Vanitha et al. [3] designed a surveillance robot that could be controlled over the Internet using a Raspberry Pi board. This robot uses a PIR sensor to detect when a person or object enters the monitoring area and a smoke sensor detects a fire. Successfully designed a website to monitor and control robots over the internet.

Sun et al. [4] designed a surveillance robot capable of recording real-time images, video and audio footage for a specific area or person. This approach uses the ZigBee network to control the robot. In addition, the system includes a face recognition feature, which can recognize faces with maximum accuracy matching 70% of faces.

Pahuja and Kumar [5] designed an Android smartphone-controlled robot. Using Bluetooth HC-06 and microcontroller 89c2051 on Android smartphone device. The data received by the Bluetooth module from the Android Smartphone is provided as input to the controller. The system was able to live stream ambient video.

Bokade and Ratnaparkhe [6] have designed an Android-based application to control the robot wirelessly. The Android app will open a web page with a video screen for monitoring and buttons for controlling the robot and camera. Test results show that good quality video is very fast and clear, up to 15 frames per second.

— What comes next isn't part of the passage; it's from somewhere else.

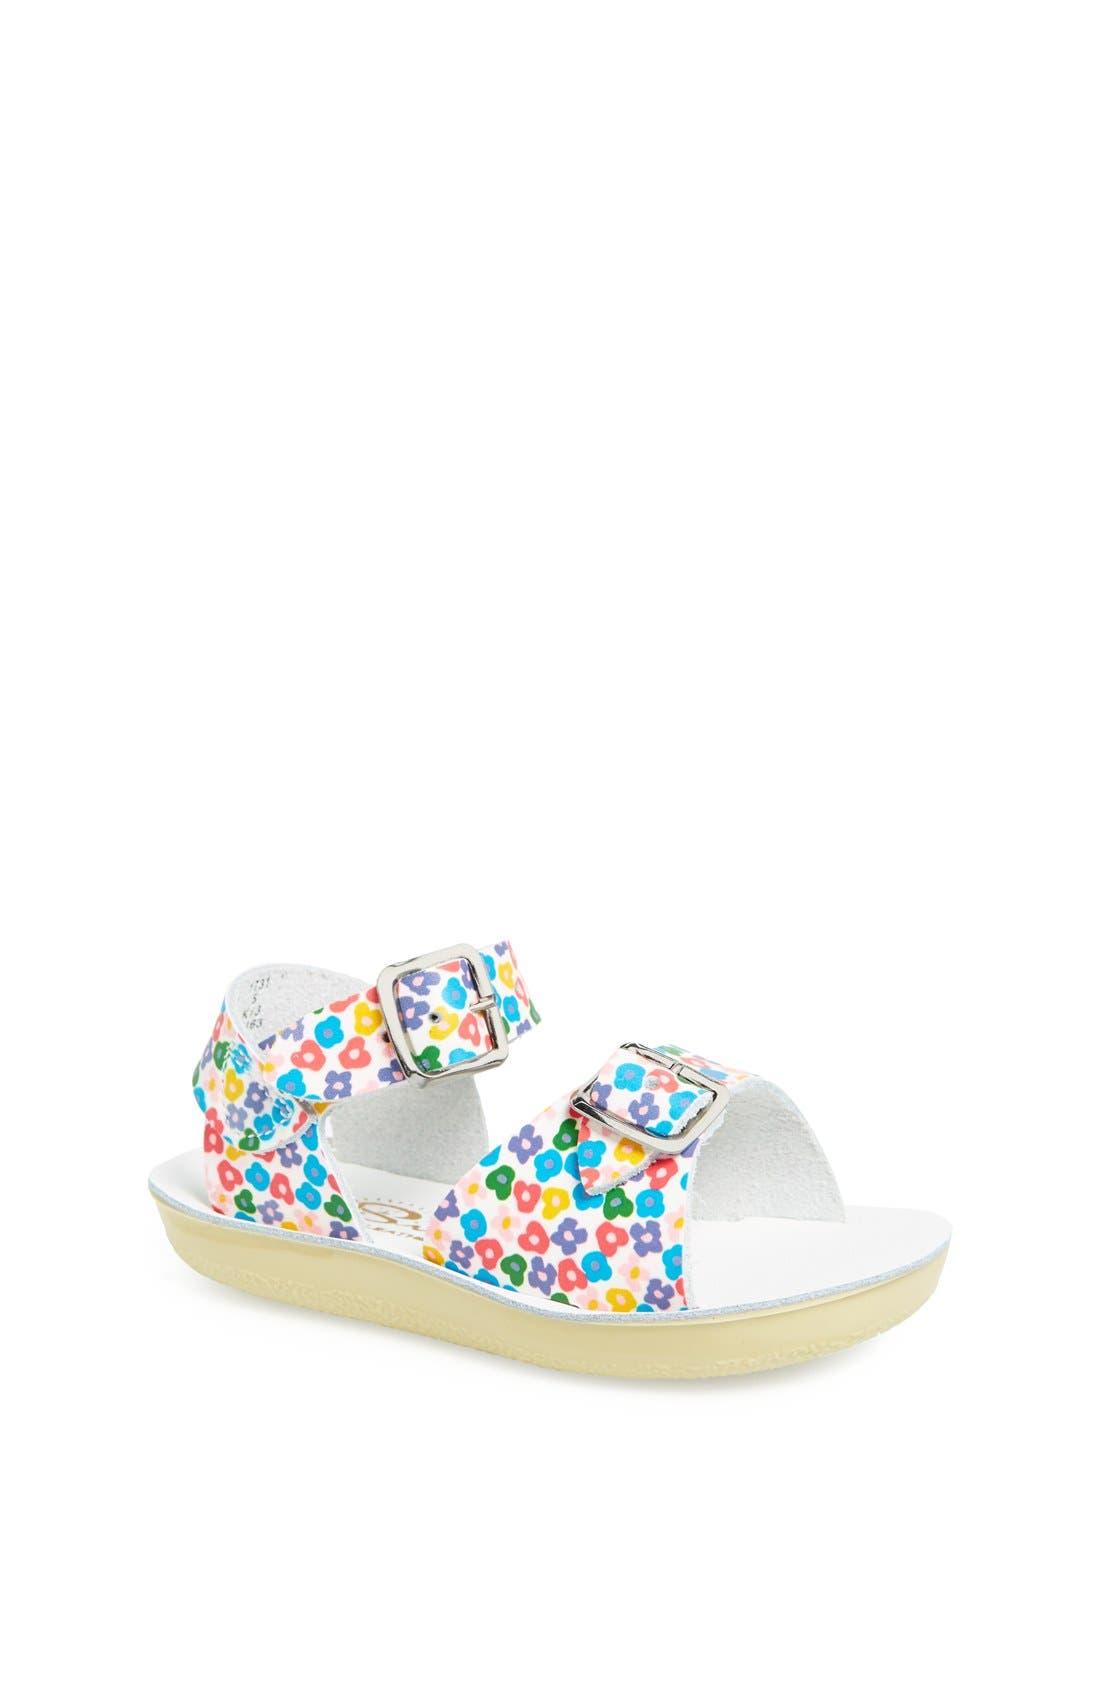 Salt Water Sandals by Hoy 'Surfer' Sandal (Baby & Walker)
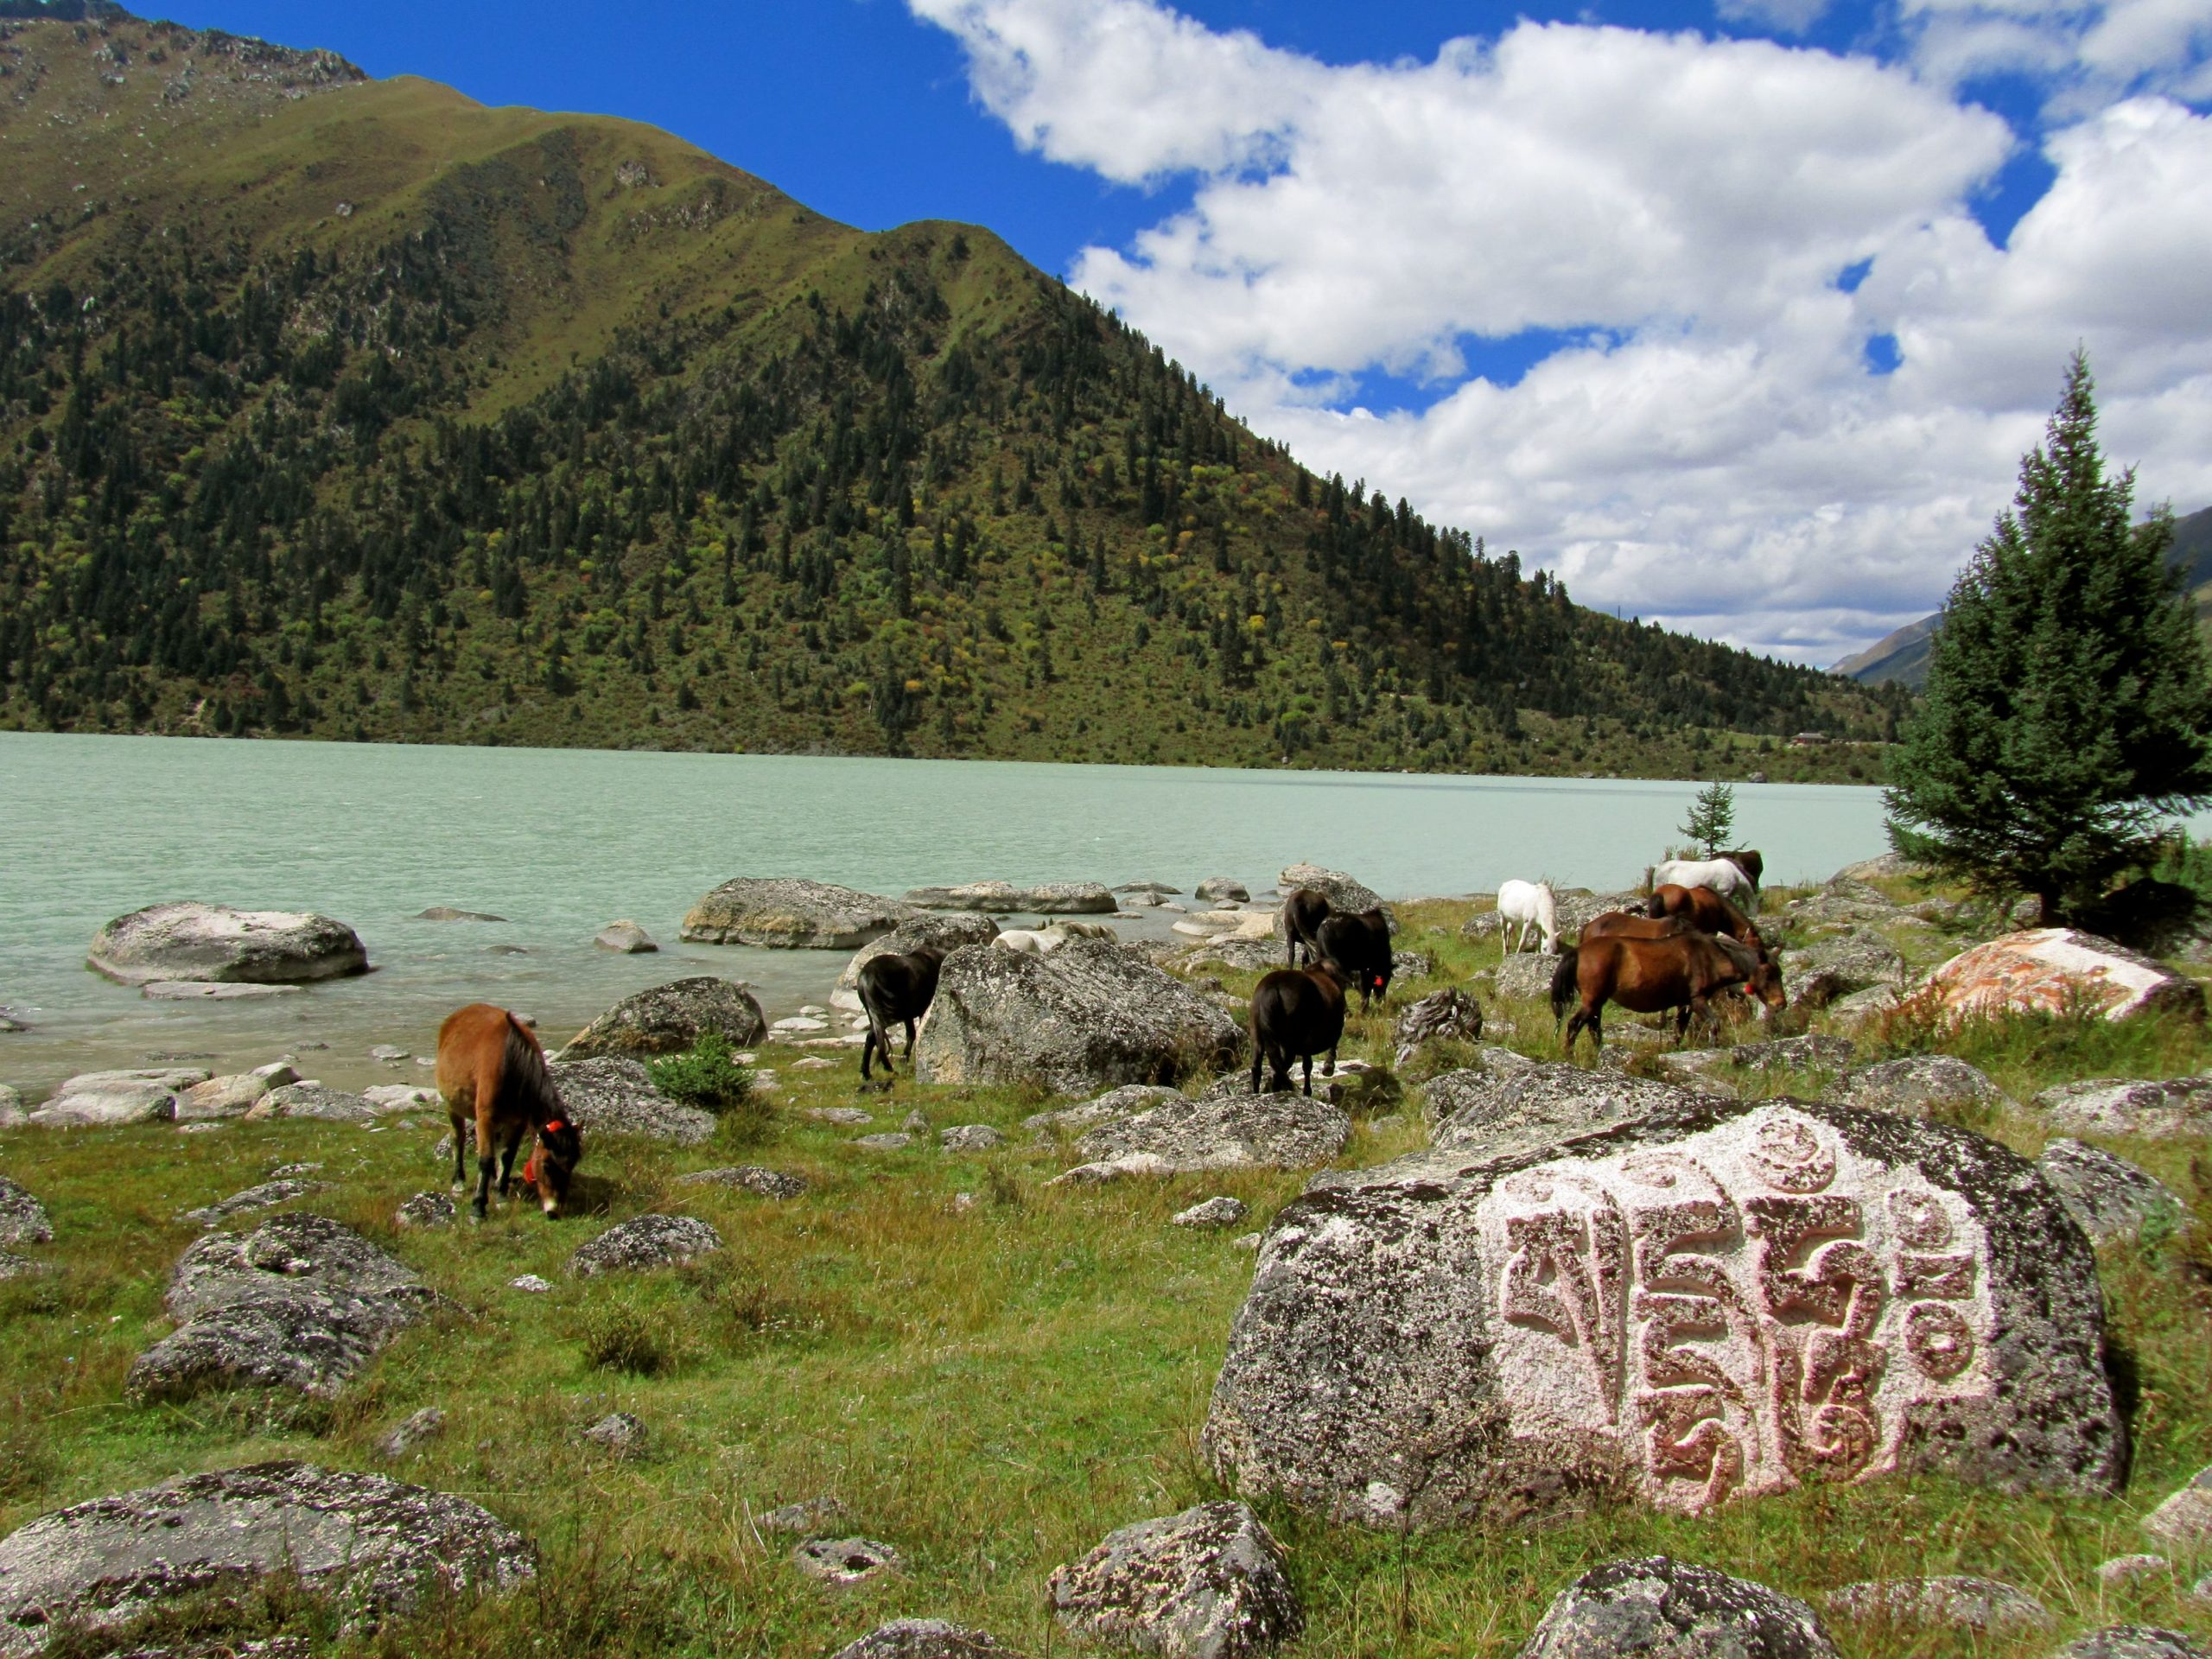 Lihun Lake, Kham

Alli et al. [7] designed an obstacle detection and avoidance system for unmanned lawn mowers. Using ultrasonic and infrared sensor modules placed in front of the robot, the signal is transmitted to the Arduino microcontroller which calculates the distance and programs the robot to avoid obstacles. The performance of the system shows 85% accuracy and 0.18% failure probability respectively.

Pedre et al. [8] proposal on the design of a versatile low-cost mobile robot for research and education. However, the robot is complicated for pre-teens and teenagers, and its design focuses on vision-based automatic navigation, excluding audio capabilities.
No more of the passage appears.